The next step is developing the information model itself -- how to connect properties to the representations of molecular entities in a computer to do something more useful than just making lists, e.g., connect it to external information resources. For the most part, we have been stuck using the same data models that are used for registration. A number of different chemical information models will be presented with real-world examples and the prospects for chemical data integration will be discussed.

MUG '05 : Chemical information models
How can one do anything useful with a computer?

One usually needs to represent ("model") real things in a computer program using digital representations ("models").

Abstract things are easiest, e.g., numbers.

Even representing numbers is non-trivial.
Remember PL/1, with a dozen ways to represent numbers?

Useful though: IBM made a fortune using numbers to represent money.

It's not so easy representing a molecule.
Many approaches have been tried
... some good, some bad, some truly horrible
... we're pretty much stuck with all of them.

MUG '05 : Chemical information models : Preliminaries : 1

What chemical entities are useful to represent?

Molecules (valence, LCAO, ab initio/quantum models)

Reactions (same as molecular models, also dynamics)

Substances (not necessarily molecular models)

Mixtures (may or may not be molecular)

Bottles (e.g., batches)

Molecular patterns (theoretical, statistical, legal)

other ... crystals, large molecules, polymers, alloys, catalysts

MUG '05 : Chemical information models : Preliminaries : 2

What operations on chemical entities are useful?

Storage/retrieval
- Basic input and output.
- Efficiency counts. [Constant time retrieval is possible.]
- "Semantically well defined" counts even more ...

Identity
- Are two entities the same or different?
Presence

Submixture and supermixture relationships
Does one entity exist within another?
"Parent", "molecular ion", "salt" concepts
Special form: reactant > agent > product relationship

Substructure/Superstructure relationships
- Classic substructure search (find superstructures of query):
  open (H-replacement) and closed (specify positions) versions
- Superstructure search (find substructures of query):
  useful for things like synthesis planning.
Similarity
- There are many possible measures of similarity.
- Tanimoto between fingerprints ~proportion of common substructure.
- Tversky metric is a generalized Tanimoto metric.
Transformational relationships
- Tautomerism
- Formal charge representation
Multivariate relationships
- Clustering
- Discrimination

MUG '05 : Chemical information models : Preliminaries : 3

How can we represent chemical entities?

Name (IUPAC, index name, common name, etc.)

Number (e.g., CAS Number, Corporate registration number)

Picture (e.g., WIMP)

Properties (e.g., ECN)

Connection table (e.g., SDF, MOL, MOL2, etc.)

Linear notation (WLN, SMILES, ROSDAL)

Conformation (PDB, etc.)

More advanced models (Gaussian, etc.)

Derived/reduced representations (fingerprints, consensus FP, COMFA)

Various representations have different advantages

For instance:

SMILES are semantically well-defined representations of a specific valence models for molecules and reactions.

Names are more useful for representing things without a useful valence model, e.g., "Turpentine" or "Unknown 123".

MUG '05 : Chemical information models : Properties

Direct association of properties with chemical entities

Direct properties of molecular structure(s)

[These] are the [property] values of [these molecular structures].
Simplest possible chemical information model: molecular structure is the identifier, properties are connected to it. Perfect for the clean, idealistic world of non-overlapping molecular chemistry. Very powerful but not comprehensive and not very useful IRL.
Examples: TSCA Toxic Substance Control Act, Empath metabolic pathways, Primary tables in CRC Handbook, Chemist's Companion, etc.

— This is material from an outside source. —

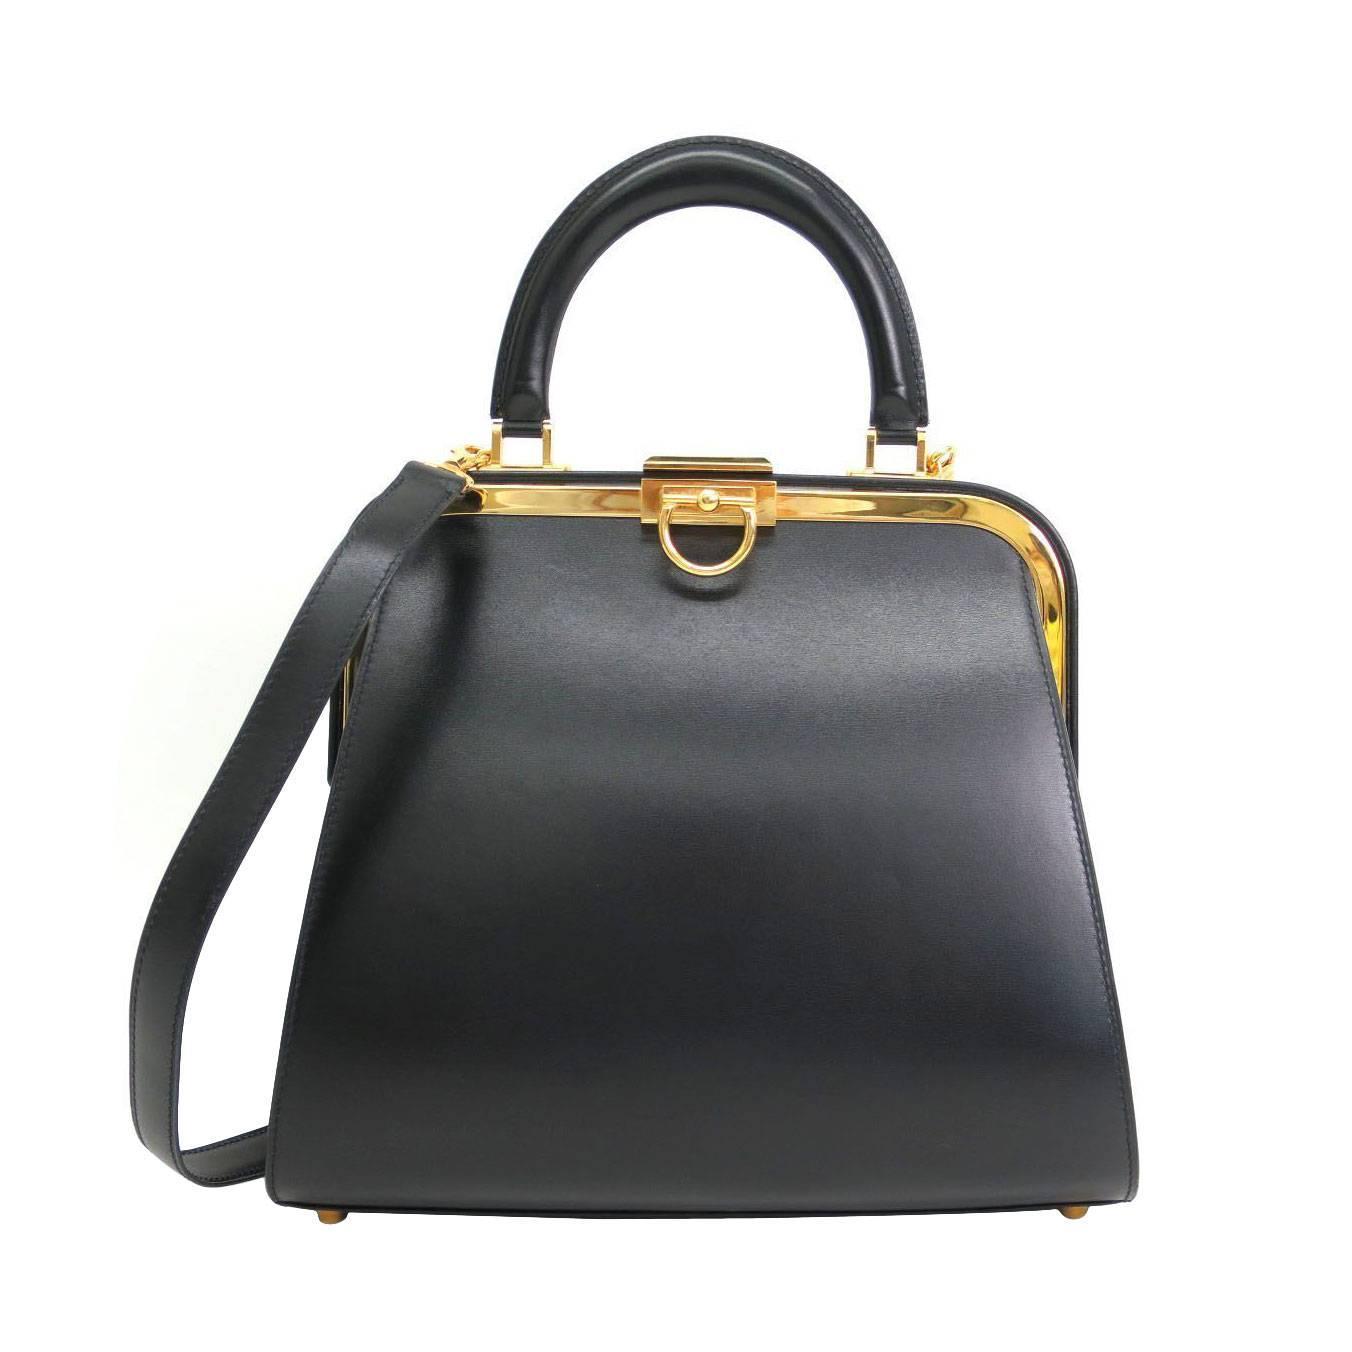 Christian Dior Ladylike Black Leather Gold Hardware Satchel Shoulder Bag at 1stdibs

Direct properties of hierarchical molecular structure(s)
[These] are the [property] values of [these specific kinds of] [generic molecular structures].
Entities are identified by molecular structure level-of-detail hierarchy. Properties are connected to entities at the appropriate level. Clean and idealistic yet more powerful and more useful than above.
Examples: MedChem masterfile (generic/isomers/ionic forms), QSAR (sets of molecules/molecular patterns/compounds)

MUG '05 : Chemical information models : Properties, cont.

Associate properties with arbitrary molecular identifiers

Properties of an arbitrary molecular identifier
The [entity with this registration number] has [this molecular structure] and has [these] [property] values.
Common model for traditional chemical registries. All possible molecular entities are represented by registration numbers; properties are assigned to these entities. Requires "god-like" (omniscient) structure identification and discrimination methods ... which IRL become unstable over time when used by normal human beings. Other problems include poor behavior with incomplete structural knowledge and this requires development of a religious "group or split" dogma. OK for closed, static, short-term delivery of homogenous data.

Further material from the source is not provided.